**DATA FOR REVIEW**
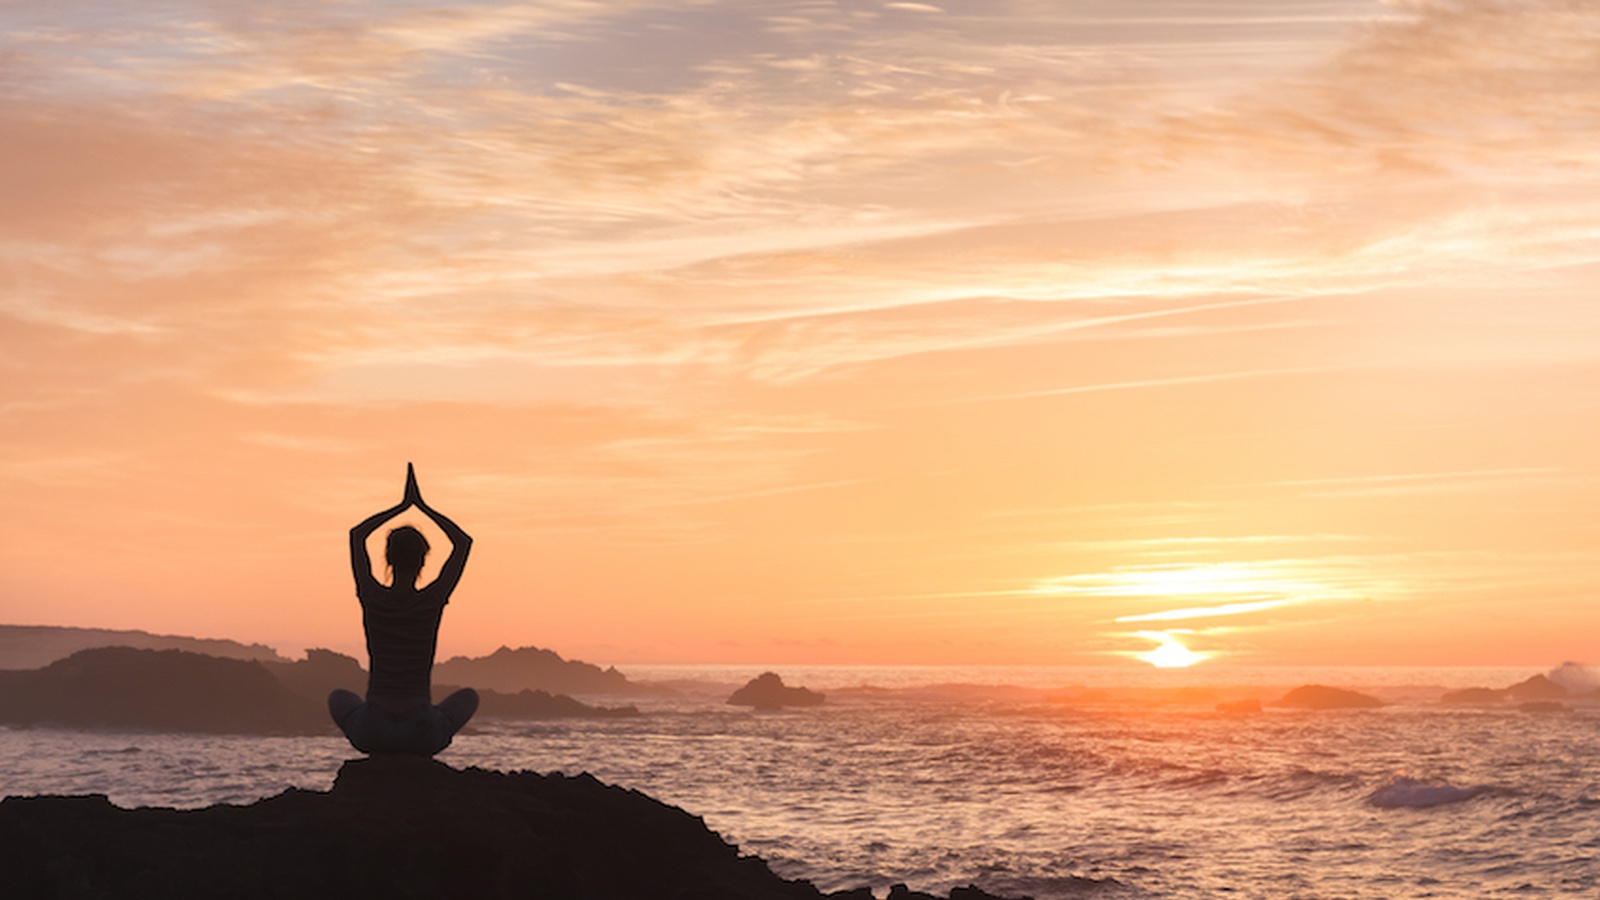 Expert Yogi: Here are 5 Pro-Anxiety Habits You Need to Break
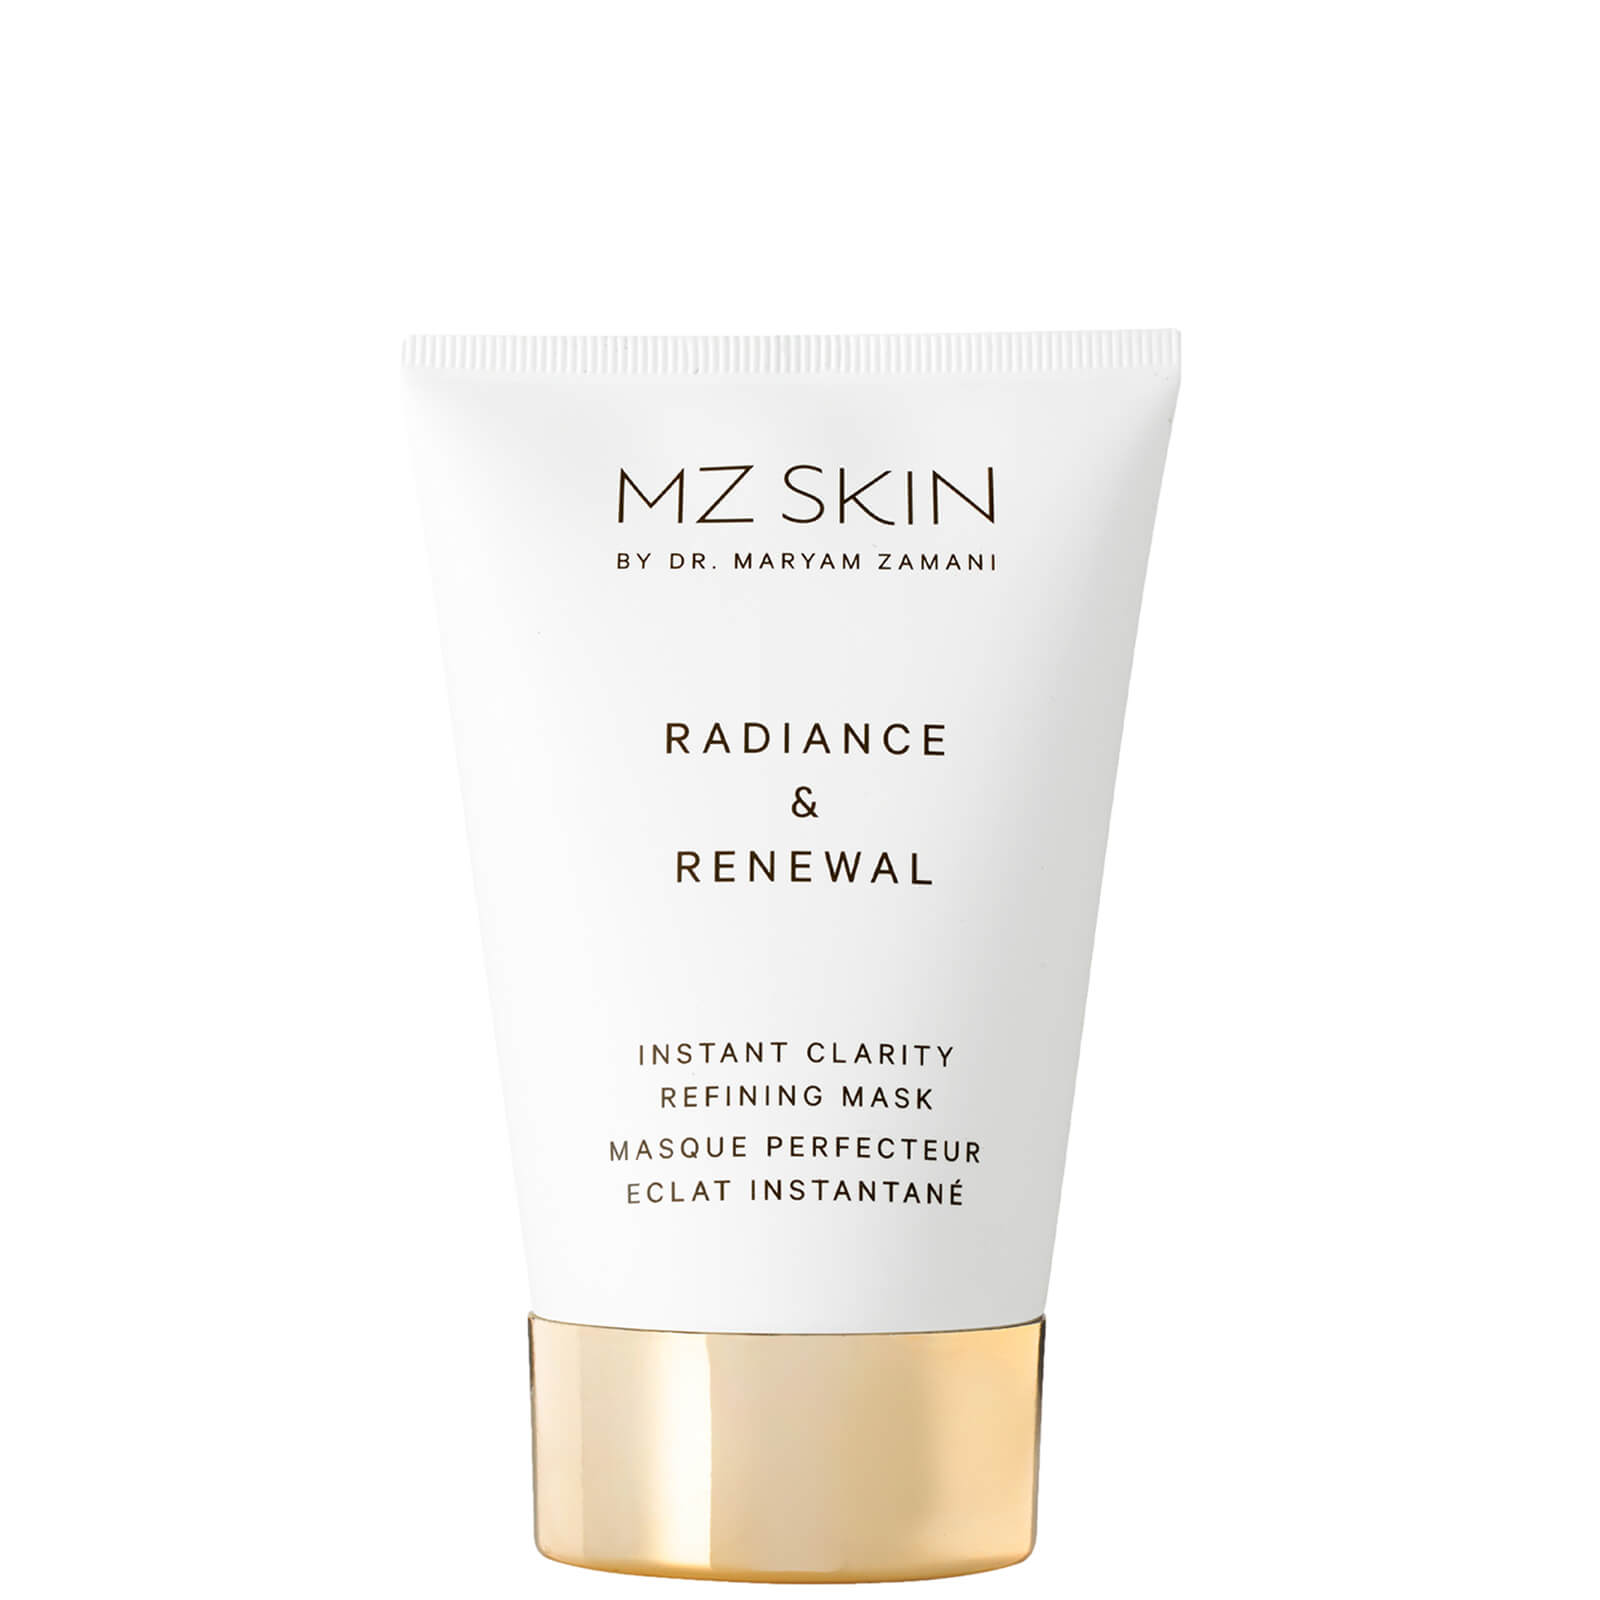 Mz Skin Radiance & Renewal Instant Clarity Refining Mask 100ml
==
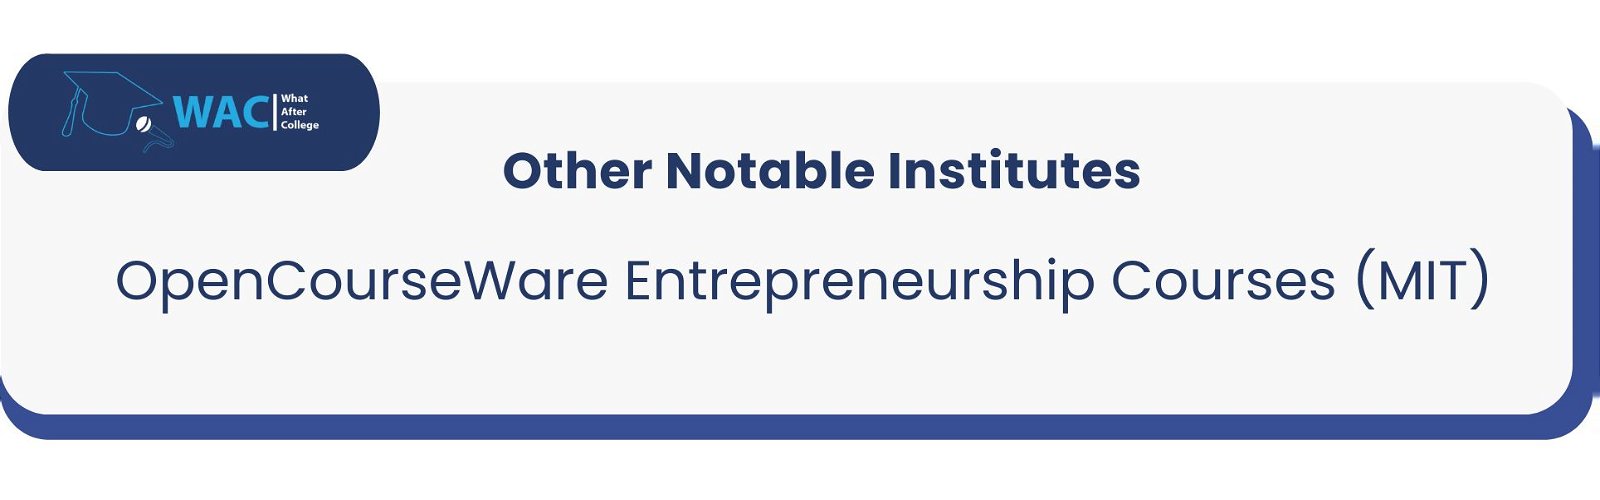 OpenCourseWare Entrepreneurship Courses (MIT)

**YOUR INSTRUCTIONS**
Copy the listing above exactly, but only from the line with "Expert Yogi: Here" through the line with "Mz Skin Radiance", including those two lines and excluding any picture.

**RESULT OF THE TASK**
 Expert Yogi: Here are 5 Pro-Anxiety Habits You Need to Break
 Mz Skin Radiance & Renewal Instant Clarity Refining Mask 100ml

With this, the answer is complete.